- Coat of arms Tiltlil Location in Chile
- Coordinates (city): 33°04′54″S 70°55′40″W﻿ / ﻿33.08167°S 70.92778°W
- Country: Chile
- Region: Santiago Metro
- Province: Chacabuco

Government
- • Type: Municipality
- • Alcalde: Nelson Orellana Urzúa (IND)

Area
- • Total: 653 km^{2} (252 sq mi)

Population (2002 Census)
- • Total: 14,755
- • Density: 22.6/km^{2} (58.5/sq mi)
- • Urban: 8,161
- • Rural: 6,594

Sex
- • Men: 7,609
- • Women: 7,146
- Time zone: UTC-4 (CLT)
- • Summer (DST): UTC-3 (CLST)
- Area code: +56
- Website: Municipality of Tiltil

= Tiltil =

Tiltil or Til-Til is a Chilean municipality and city, in the Chacabuco Province, Santiago Metropolitan Region. Tiltil is most known for being an execution place for rebels during Chile's independence war against Spain. Manuel Rodríguez was executed in Tiltil.

==Demographics==
According to the 2002 census of the National Statistics Institute, Tiltil spans an area of 653 sqkm and has 14,755 inhabitants (7,609 men and 7,146 women). Of these, 8,161 (55.3%) lived in urban areas and 6,594 (44.7%) in rural areas. The population grew by 14.9% (1,917 persons) between the 1992 and 2002 censuses.

==Administration==
As a commune, Tiltil is a third-level administrative division of Chile administered by a municipal council, headed by an alcalde who is directly elected every four years. The 2012-2016 alcalde is Nelson Orellana Urzúa (IND). The council has the following members:
- Cornelio Báez Arias (PC)
- Eva Aburto Gajardo (UDI)
- Berta Bugueño Lizama (PRI)
- Marina Almanzar Allendes (PRSD)
- Fermín Astorga Hidalgo (PS)
- Bárbara González Zúñiga (IND)

Within the electoral divisions of Chile, Tiltil is represented in the Chamber of Deputies by Mr. Patricio Melero (UDI) and Mr. Gabriel Silber (PDC) as part of the 16th electoral district, (together with Colina, Lampa, Quilicura and Pudahuel). The commune is represented in the Senate by Guido Girardi Lavín (PPD) and Jovino Novoa Vásquez (UDI) as part of the 7th senatorial constituency (Santiago-West).

==Geography and ecology==
Tiltil is situated at the base of the Cuesta La Dormida, a forested mountain area where vestiges of the Chilean Wine Palm, Jubaea chilensis, can be found; this palm was prehistorically much more widely distributed in central Chile.
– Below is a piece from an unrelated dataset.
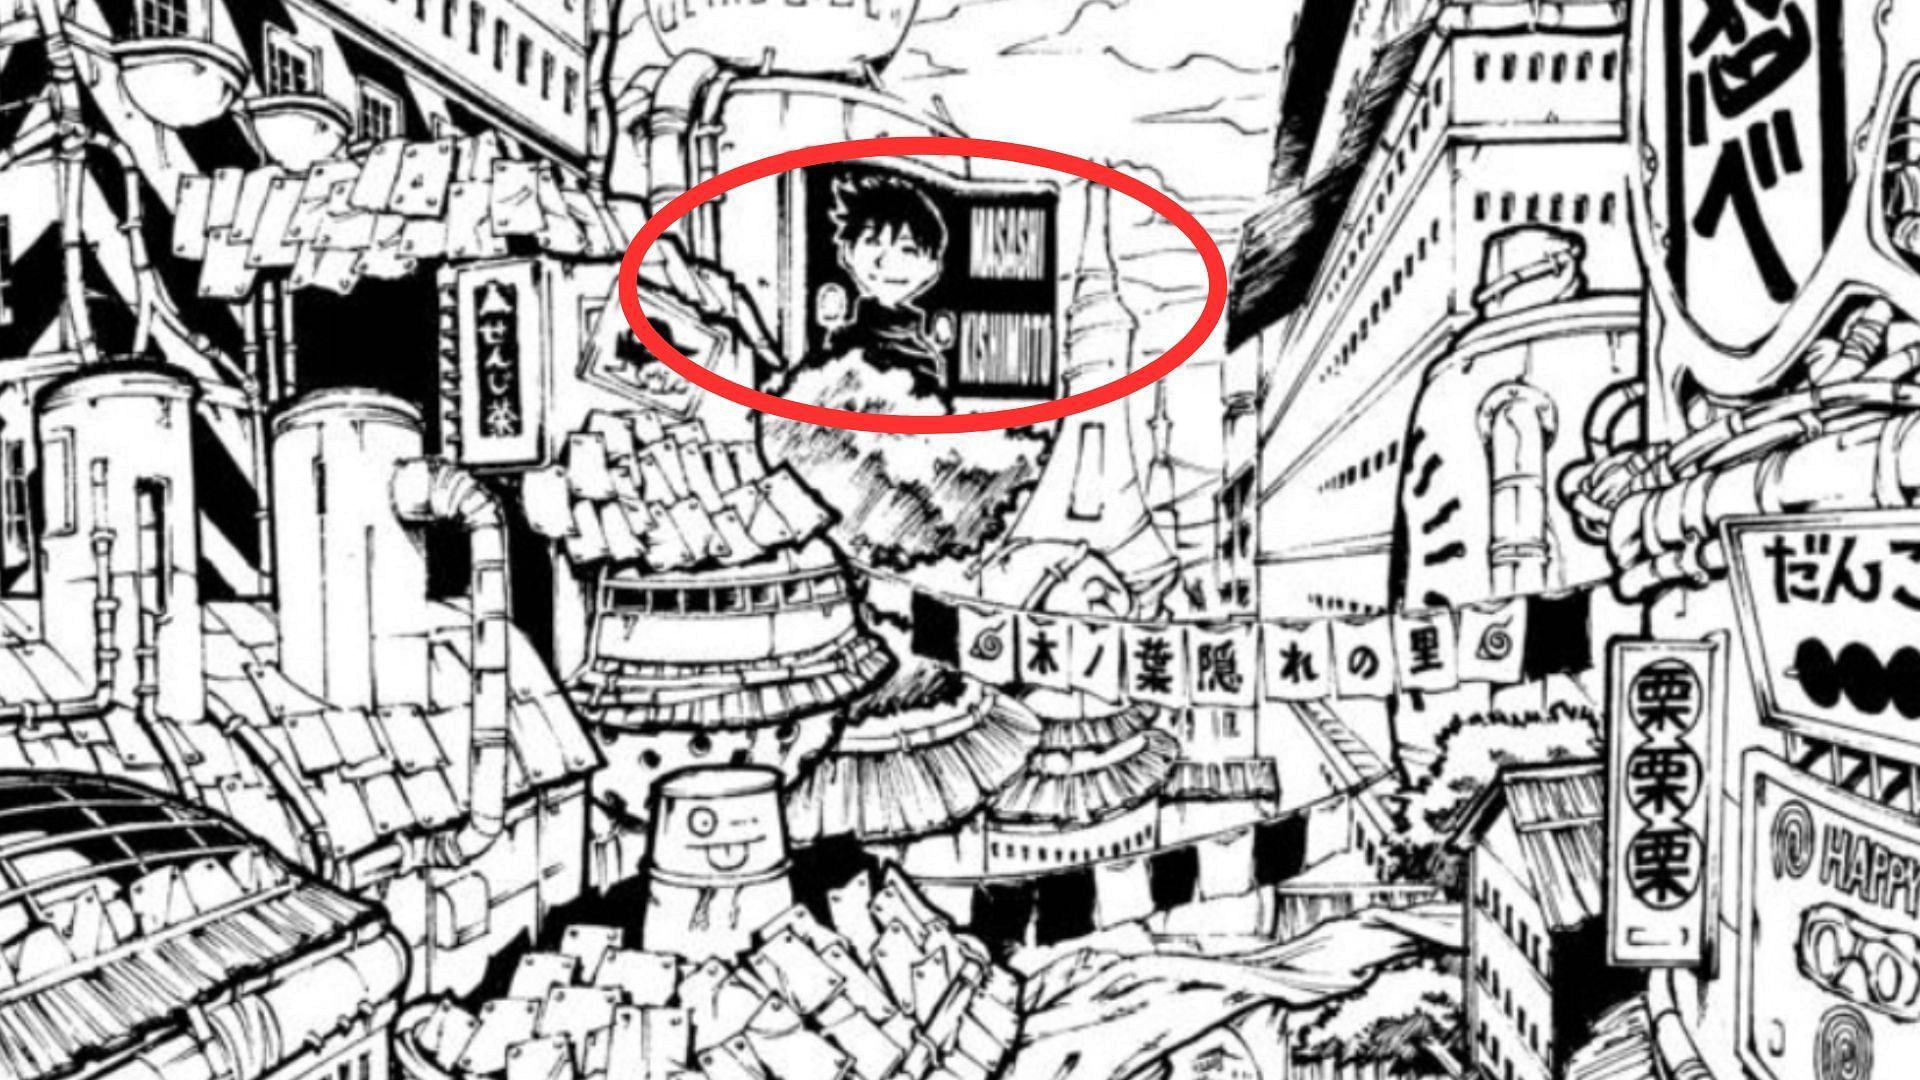 Masashi Kishimoto&#039;s billboard in the manga&#039;s 3rd chapter (Image via Shueisha)

Tiltil is located on a route that connects the coastal road and the Pan-American Highway. The road recently underwent extensive improvements and connects the Pan-American Highway with Valparaíso and Viña del Mar on the coast. The road is a favorite for travelers wanting to avoid the highway's many toll roads. Tiltil is home to a local hospital, a supermarket, soccer fields, shops, and many local artisan outlets. The Monument to Chilean patriot Manuel Rodríguez is located just to the south of Tiltil on the route to the Pan-American Highway and Polpaico. There is a rail line that connects Santiago to northern Chile that runs through Tiltil. The views and vistas of Tiltil are considered by travelers to be very good, with winter vistas of the Cordillera classified as panoramic.